L’Aquila 27 febbraio 2001, ibidem); di mobbing (Trib. Pisa 6 ottobre 2001, in Cendon e Ziviz, cit.,
205 e 299; Trib. Milano 28 febbraio 2003, in Or. giur. lav., 2003, 91; Trib. Pinerolo 6 febbraio
2003, in Giur. it., 2003, I, 2, 2295; Trib. Forlì 15 marzo 2001, in Giust. civ., 2002, I, 208); di
demansionamento (App. Milano 6 ottobre 2003, in Or. giur. lav., 2003, 507; Trib. Pinerolo 6
febbraio 2003, cit.; Trib. Forlì 8 novembre 2001, in Cendon e Ziviz, cit., 296); di infortunio sul
lavoro (Trib. Parma 17 aprile 2003, in Riv. crit. dir. lav., 2003, 668); di violenza sessuale ad una
lavoratrice (Trib. Milano 9 maggio 2003, in Riv. crit. dir. lav.; 2003, 649); di eccessiva durata del
processo (App. L’Aquila 12 marzo 2002, in PQM, 2002, 69); di numerose altre più recenti
pronunce che non abbiamo ormai più spazio per citare e che, comunque, non potrebbero per il loro
numero essere elencate tutte (si rinvia, al riguardo, a personaedanno.it), c’è sempre un tratto in
comune. E tale elemento è costituito nel non poter più fare ciò che di appagante, gradevole,
gratificante si faceva in precedenza, ovvero nel dover fare quanto di sgradevole, faticoso,
insoddisfacente si è, in conseguenza dell’illecito, costretti a fare.

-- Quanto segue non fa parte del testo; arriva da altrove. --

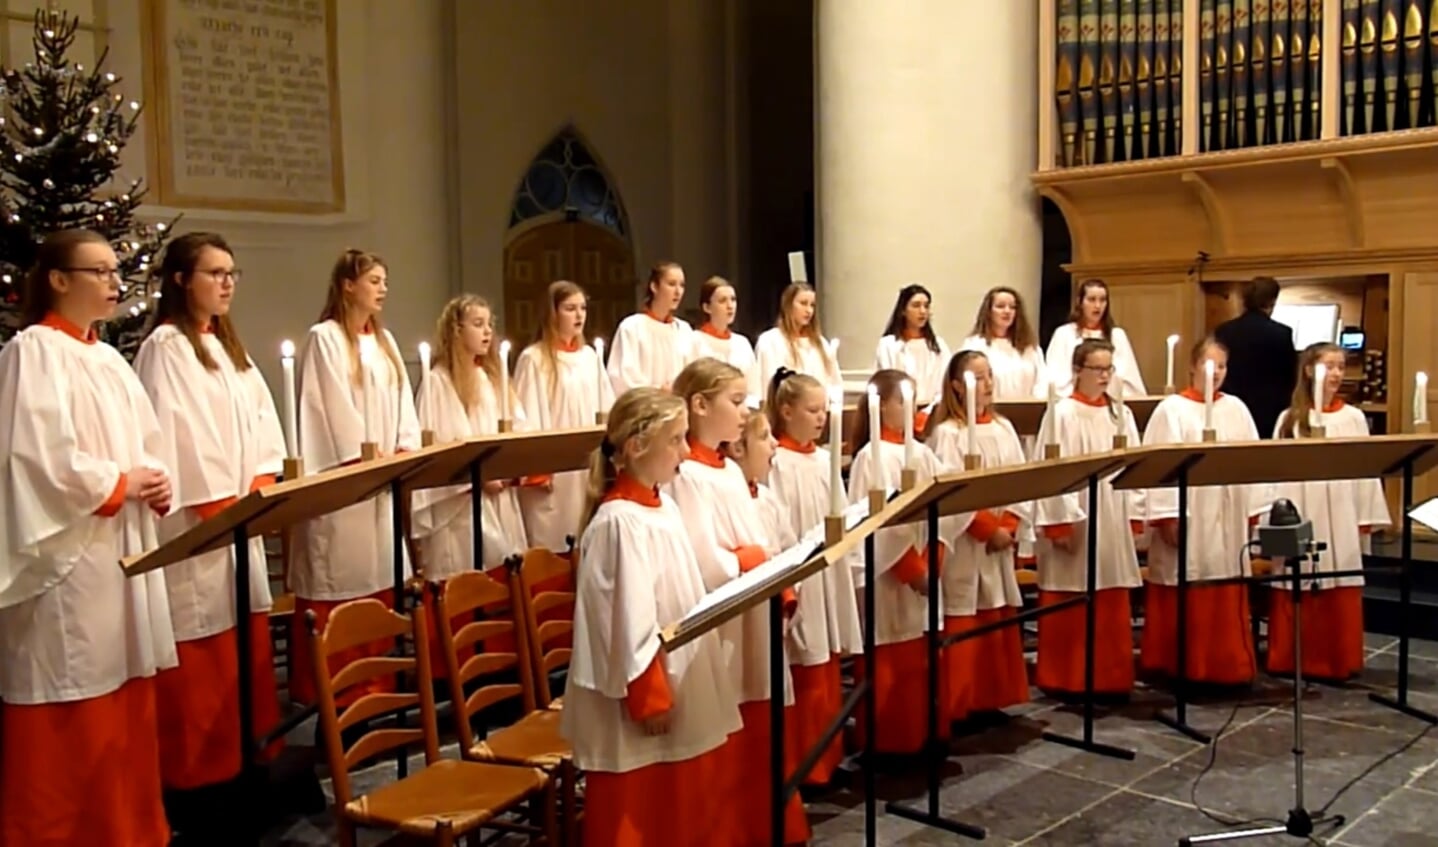 Festival of Lessons and Carols in 2019

Sono tutti uguali i dolori raccolti sotto la voce danno morale soggettivo? Non lo sono. E sono tutte
uguali le malattie qualificabili come danno biologico? Non lo sono. Non sono tutte uguali neppure
le attività realizzatrici della persona rilevanti quali danno esistenziale, che il giudice di volta in volta
scrutinerà. Ma la cifra è comune: è sempre l’impedimento all’esercizio di attività realizzatrici della
persona, quelle attività che sono coessenziali alla vita degli uomini insieme ad altri uomini, che
sono proprie — se non incorriamo in retorica nel concludere con una citazione troppo «alta» —
dell’uomo «essere politico e portato naturalmente alla vita in società», come nella definizione di
Eth. Nic., I, 1169b, 18.
COME SI RISOLVERÀ IL CONTRASTO? Abbiamo già detto che nuove decisioni
antiesistenzialiste, con tutta probabilità, vi saranno. E non sappiamo dire come il contrasto si
risolverà e se, prima o poi, sulla questione del danno esistenziale avranno a pronunciarsi le sezioni
unite. E però, pur con tutta la cautela necessaria, possiamo ragionevolmente prevedere che la
vittoria del danno esistenziale segnata da Cassazione 19354/05 possa rimanere isolata, quando la
giurisprudenza di merito spinge in misura più che consistente nello stesso senso, una volta che si sia
constatato che quella vittoria altro non è che la vittoria, anzitutto, della Costituzione?